É uma aliança fecunda, a desta Escola de Serviço que é o Hospital com essa Pedagogia do Serviço, que é
o Escutismo e, de um modo singular o há de ser, o Escutismo Católico. (…) O serviço dos membros do
Corpo Nacional de Escutas permite, como verificámos, que muitos mais Doentes, em cada manhã de
Domingo, possam celebrar o Dia do Senhor. Também esta razão, primeira entre todas, nos leva a
solicitar a continuidade da parceria.
Esta é uma prática regional que teve início em outubro de 2007 e ainda hoje subsiste, embora
com menor frequência.
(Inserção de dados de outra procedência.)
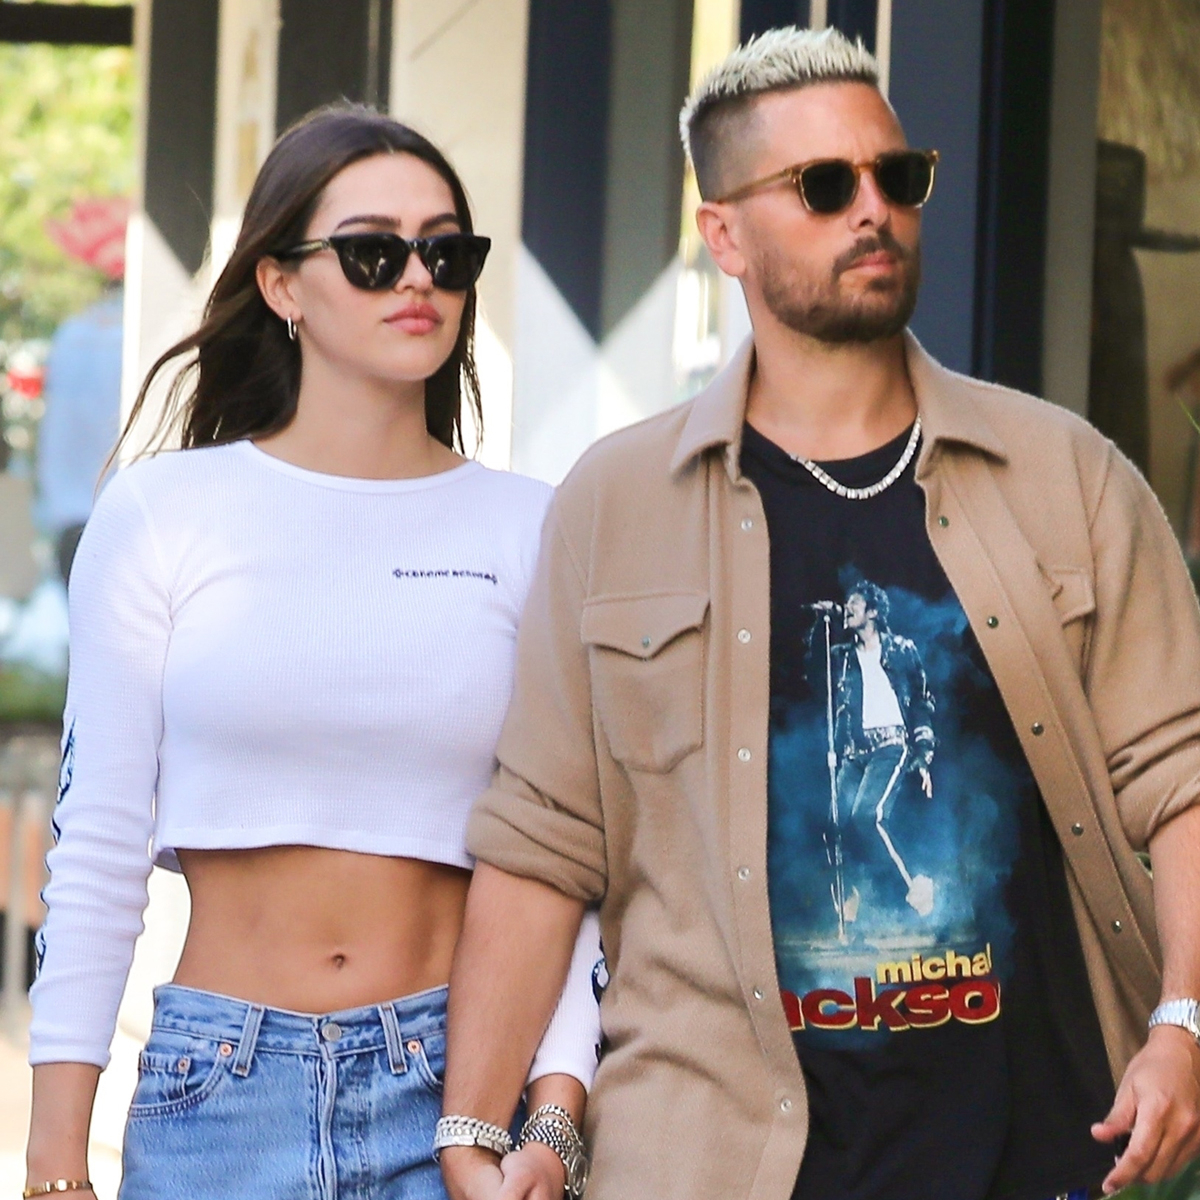 Scott Disick And Amelia Hamlin Get Cozy While Tanning In Cute Pda Pics
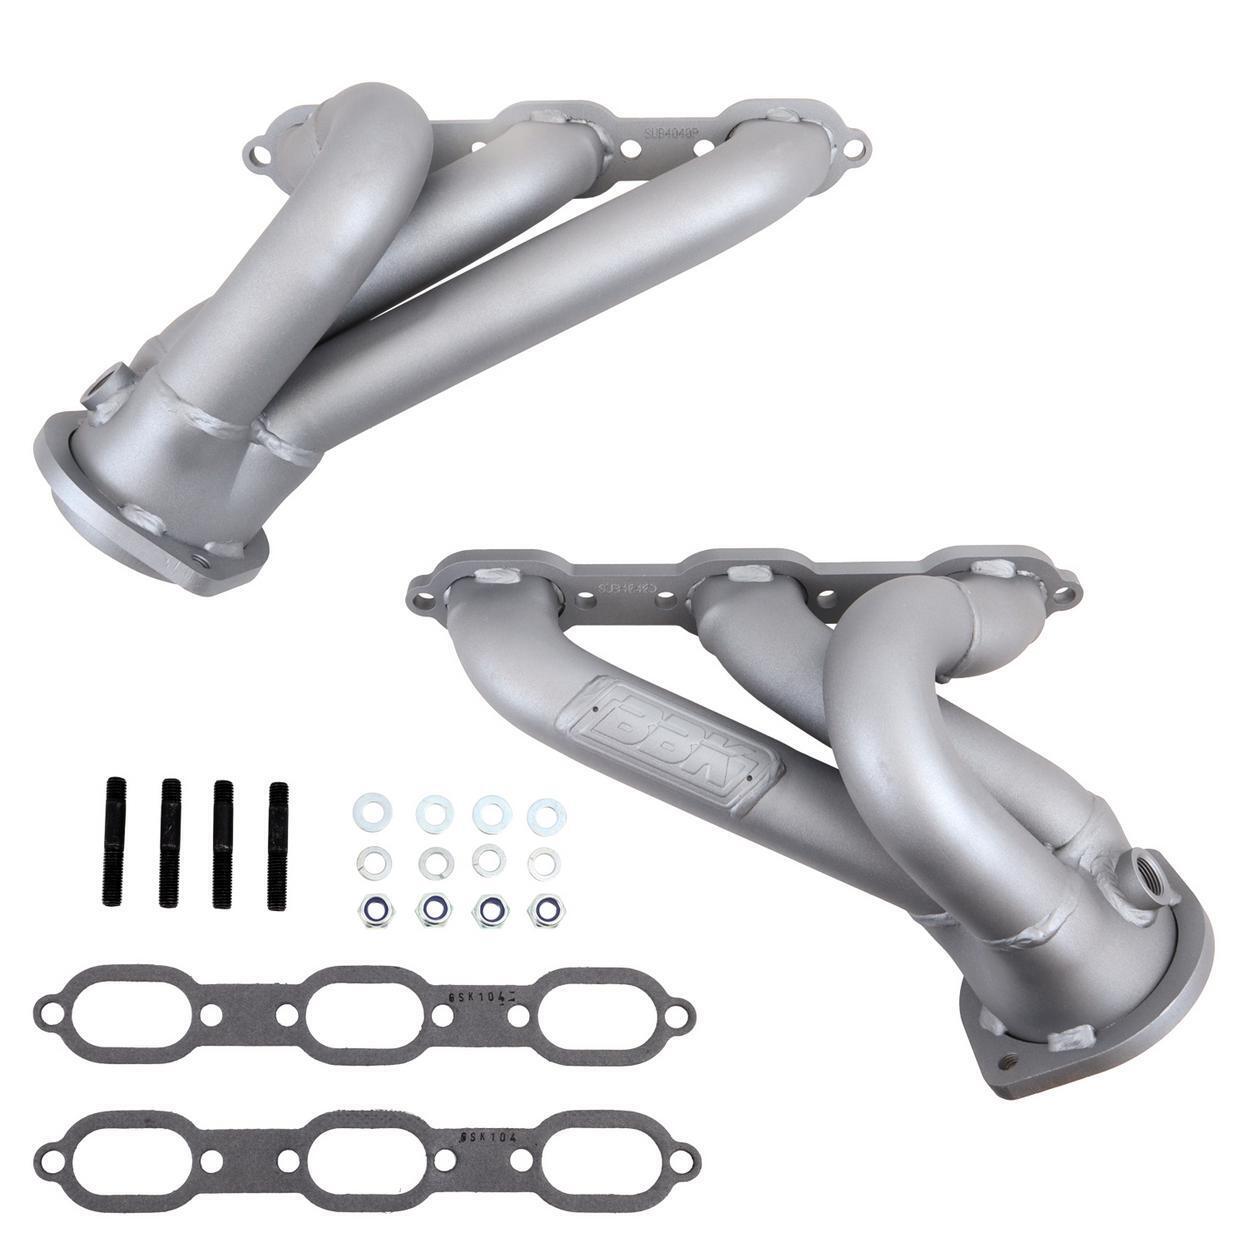 BBK Performance 4040 2006-10 CHARGER CHALLENGER 300 3.5L 1 3/4 SHORTY HEADERS (T

Foram muitos os agrupamentos e os escuteiros que por lá passaram. Quantos
exatamente? Não importa, pois o serviço não se quantifica e o bem feito não se mede. Não porque não
saibamos contar ou medir, mas porque os verdadeiros efeitos de qualquer boa ação estão para lá do nosso
conhecimento. Pode-nos parecer pouco; no entanto, pouco é sempre mais do que nada!
Recordemos o que nos diz Baden-Powell a propósito da solicitude para com os outros: “Utiliza
os teus talentos em benefício dos outros mais do que em benefício próprio, e estarás a continuar o
trabalho do Senhor e a descobrir o que é a verdadeira felicidade.”
Apresento esta ação de cooperação regional com a Capelania do Hospital de São João no Porto
como exemplo de interação com a sociedade, potenciadora de oportunidades educativas que tocam no
mais íntimo da pessoa. E igualmente como uma prática inovadora pois bebe na fonte da Boa Nova e
dirige-se aos mais novos.
Estar com (os mais frágeis) … Ser presença (amorosa de Deus) … Servir!